I think studying how other people have effectively used their five minutes in
instructive. I'd start with the testimony of Fred Rogers where he gave a
Senate statement on PBS funding:
[http://www.americanrhetoric.com/speeches/fredrogerssenatetes...](http://www.americanrhetoric.com/speeches/fredrogerssenatetestimonypbs.htm)

------
galeforcewinds
Having technical knowledge and entering a room of less technical policy-
makers, it can be particularly important to leverage existing industry
messaging rather than winging-it.

I would focus on the CIA triad + Accountability + Assurance. It's helpful to
use standard terminology that is understood by existing privacy practitioners.

Personal information should be Confidential from unwanted disclosure.

Personal information should have Integrity with the creation, modification,
and deletion of personal information only as authorized and intended.

Personal information should be accessible readily by authorized parties.

Personal information should have Accountability, with traceable ownership to a
party responsible for Confidentiality, Integrity and Access.

Personal information should have Assurance, with appropriate audit of
Confidentiality, Integrity, Access and Accountability; including the right to
inspect.

Just as the Amendments to the Constitution form a latticework of protection
for each other -- e.g. that freedom of press helps ensure other rights are not
eroded -- the elements of CIA+A+A do the same.

Recommendations can then be framed for direct implementation:

* Confidentiality: Requirements for timely breach notice

* Access: The right of the consumer to be aware of and to have access to access data about them

* Integrity: The right of the consumer to repudiate data about them and demand removal

* Accountability: Direct ownership and legal teeth (fines, jail, and barring of eligibility from data or business management roles, etc.) to compel the presence and adherence of an appropriate privacy management program

* Assurance: Standardized audit reporting, guaranteed consumer right to inspect, etc.

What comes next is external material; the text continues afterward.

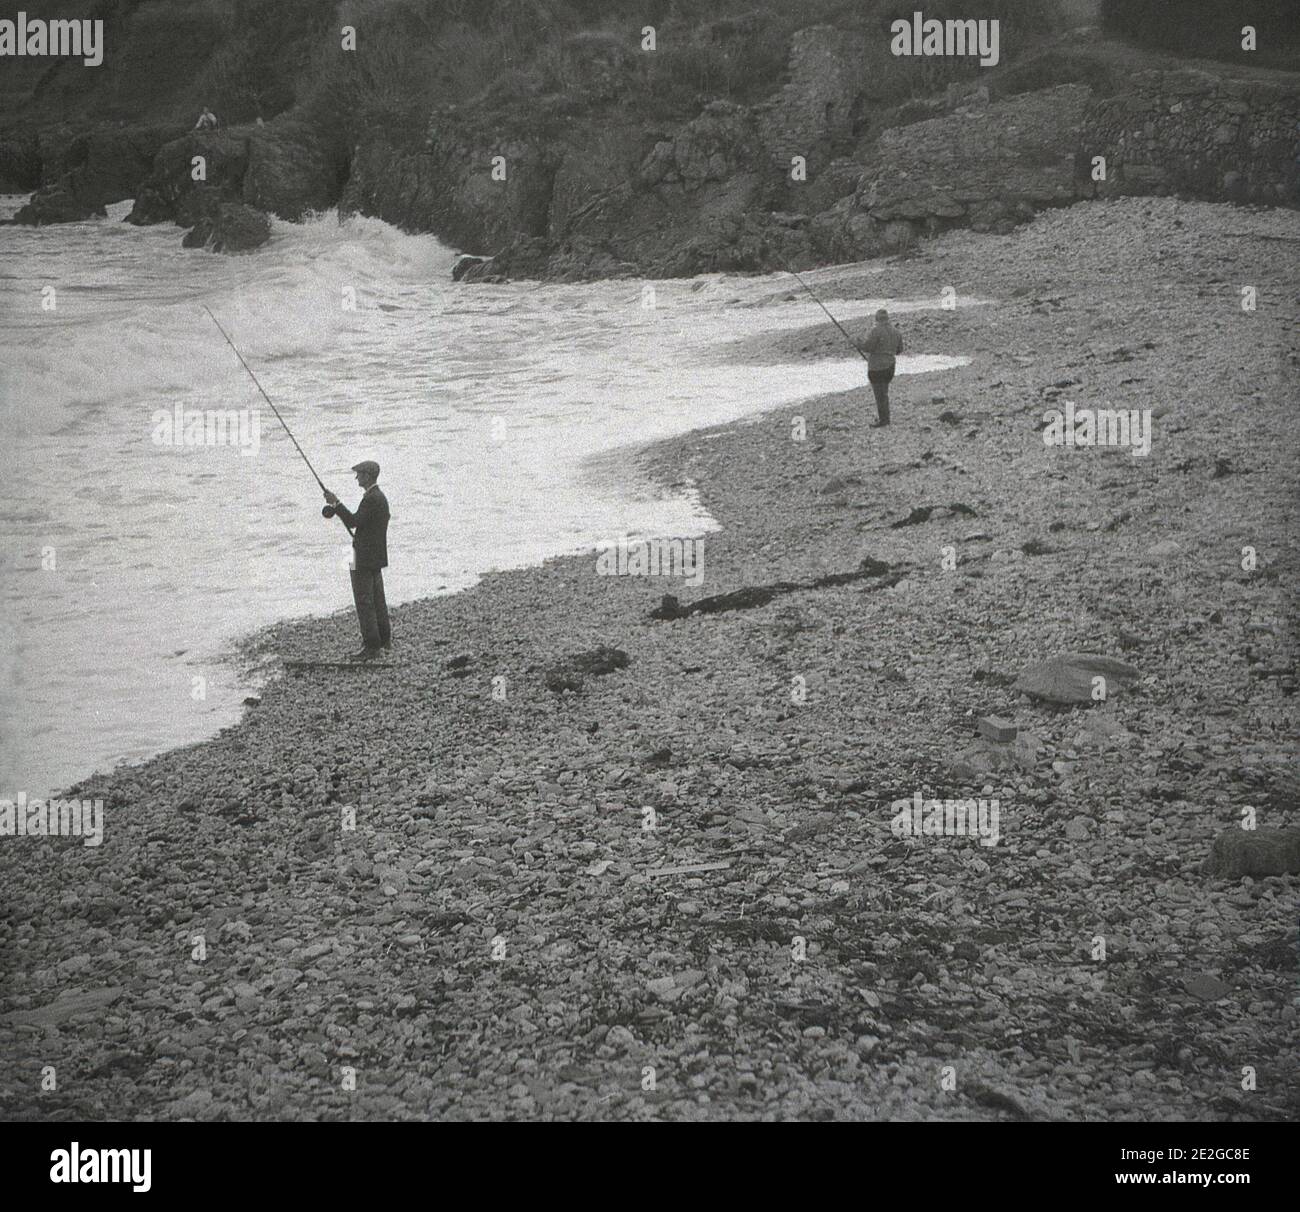 1960er Jahre, historisch, in einer geschützten Bucht, an einem steinigen Strand, zwei Männer in Watvögeln Seefischen, von einer Person in der Ferne sitzen auf den Klippen mit Blick auf die Bucht, England, Großbritannien beobachtet. Stockfoto

Folks noting "accountability" often mean the entire CIA Triad + A + A, not the
technical term "Accountability". This is likely the gap to bridge -- turning a
sentiment that businesses are not operating appropriate privacy management
programs in to an actionable path to compel existence, adherence, reporting
and audit of such programs.

------
_Codemonkeyism
That CEOs should be accountable for lazy security.

That everyone does security theater, no one does real security. Mostly for
convenience to marketing data is not encrypted in REST, data is not segmented
into different data stores (own store for passwords etc.) but stored in the
same MySQL database, employees can dump millions of records instead on one-
record-at-a-time, people let fly unencrypted Excel sheets everywhere etc.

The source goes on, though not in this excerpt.